A entidade alerta que a militarização das escolas não possui qualquer justificativa e ressalta que nos locais onde houve esta intervenção, “diversos casos de assédio sexual, violência e agressão por parte de militares foram registrados”.
“Este é o verdadeiro resultado de uma política meramente ideológica que visa implementar o “bolsonarismo” dentro das escolas. Colocar um policial aposentado, que não possui qualquer experiência com educação, coloca nossa juventude em risco”, destacou a UMES.
Desde que o governo Tarcísio iniciou o processo para escolher as primeiras escolas estaduais que adotariam o novo modelo, uma série de polêmicas surgiram.
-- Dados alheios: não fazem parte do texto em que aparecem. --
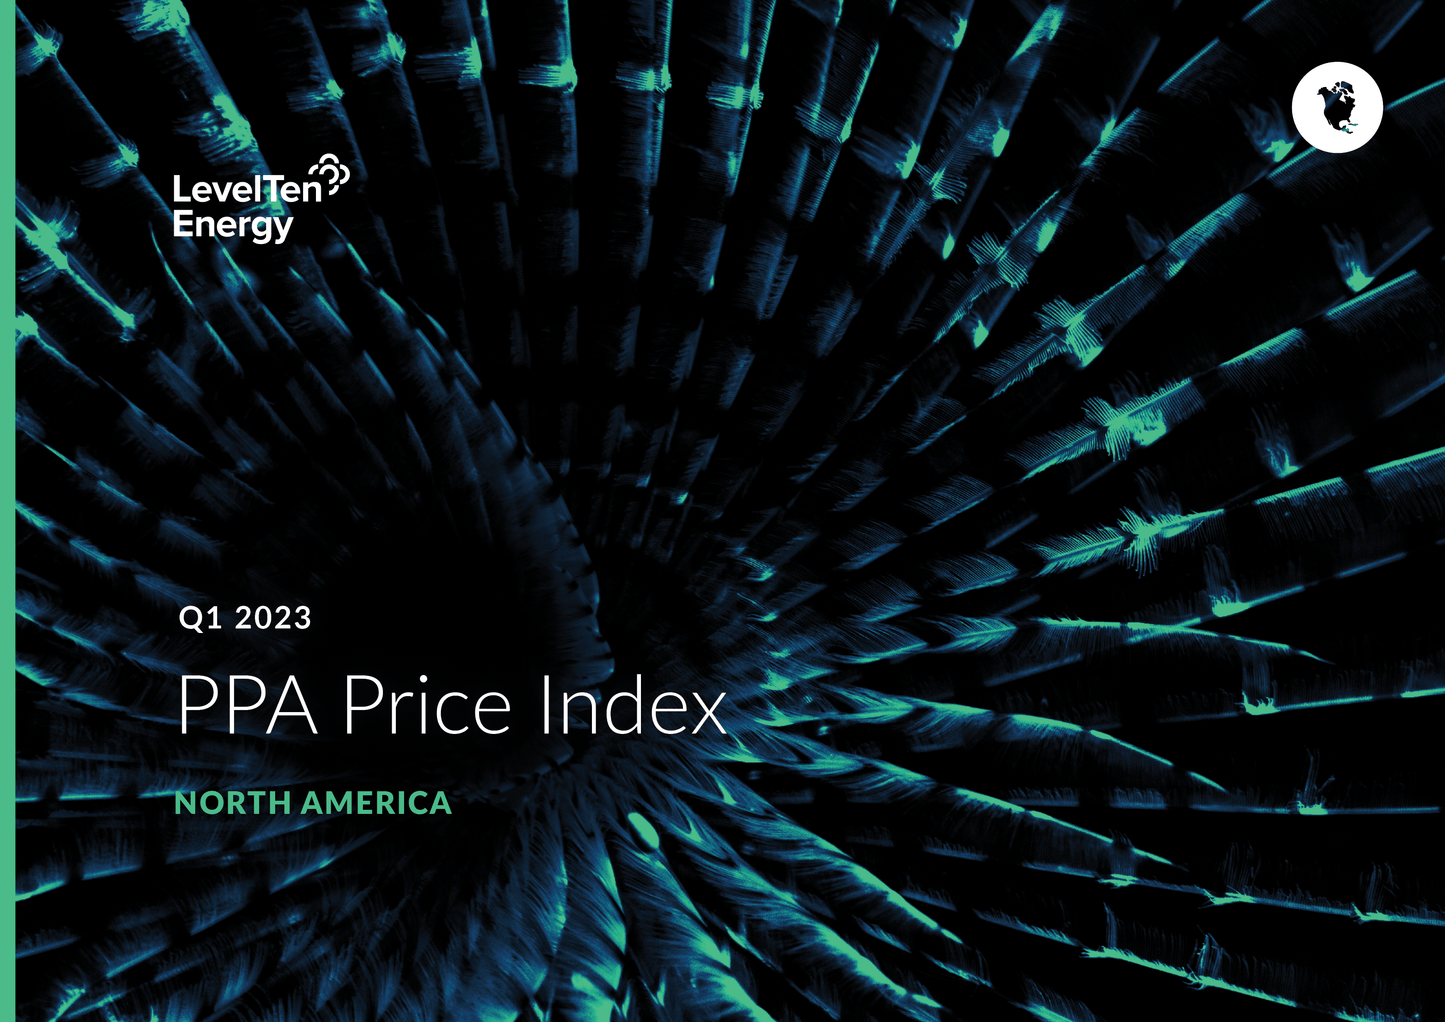 Q1 2023 PPA Price Index - North America

Em pelo menos duas escolas, os estudantes se mobilizaram para que a adesão ao novo modelo fosse retirada. Isso aconteceu na Escola Estadual Vladimir Herzog, em São Bernardo do Campo, e na Escola Estadual Conceição Neves, em Cotia. Os alunos reclamaram que os diretores mostraram interesse no modelo sem consultar a comunidade escolar.
GOELA A BAIXO
Em São Paulo, um diretor foi afastado após mandar um comunicado aos professores dizendo que eles não deveriam expressar suas opiniões publicamente sobre a adesão ao modelo. No comunicado, a direção da Escola Guiomar Rocha Rinaldi orientava os professores a repassarem apenas as informações oficiais da secretaria.
Professores e especialistas também criticam as regras estabelecidas pela secretaria para a consulta, argumentando que a votação não pode ser auditada. Além disso, afirmam que a maioria dos alunos afetados pelo modelo não terá direito ao voto direto, pois são menores de idade.
Além da Ação Direta de Inconstitucionalidade (ADI) que questiona o modelo cívico-militar em São Paulo, o Supremo Tribunal Federal (STF) também analisa outra ação contra a militarização de escolas públicas no Brasil. Apresentada em 2021 por PT, PSOL e PCdoB, essa ação contesta a legalidade da lei estadual do Paraná que criou essas escolas, e está sem decisão há quase três anos.
A principal crítica é que a militarização de escolas civis não está prevista na Lei de Diretrizes e Bases da Educação Nacional (LDB) ou em qualquer outra lei federal. Portanto, estados e municípios não teriam autonomia para criar seus próprios modelos.
Os ministros do STF já decidiram que iniciativas locais sobre ensino domiciliar são inconstitucionais, afirmando que a regulamentação desse tipo de ensino é competência exclusiva da União. Dessa forma, propostas municipais e estaduais sobre homeschooling foram barradas.
Outro ponto de questionamento é que o modelo cívico-militar violaria o artigo 206 da Constituição Federal, que garante o ensino com base nos princípios da “liberdade de aprender, ensinar, pesquisar e divulgar o pensamento, a arte e o saber” e do “pluralismo de ideias e de concepções pedagógicas”.
O programa de escolas cívico-militares é uma das estratégias de Tarcísio para manter e aumentar o apoio da base bolsonarista. O governador passou a prometer esse modelo em São Paulo após o governo do presidente Luiz Inácio Lula da Silva (PT) anunciar o fim do programa nacional de escolas cívico-militares criado por Jair Bolsonaro (PL).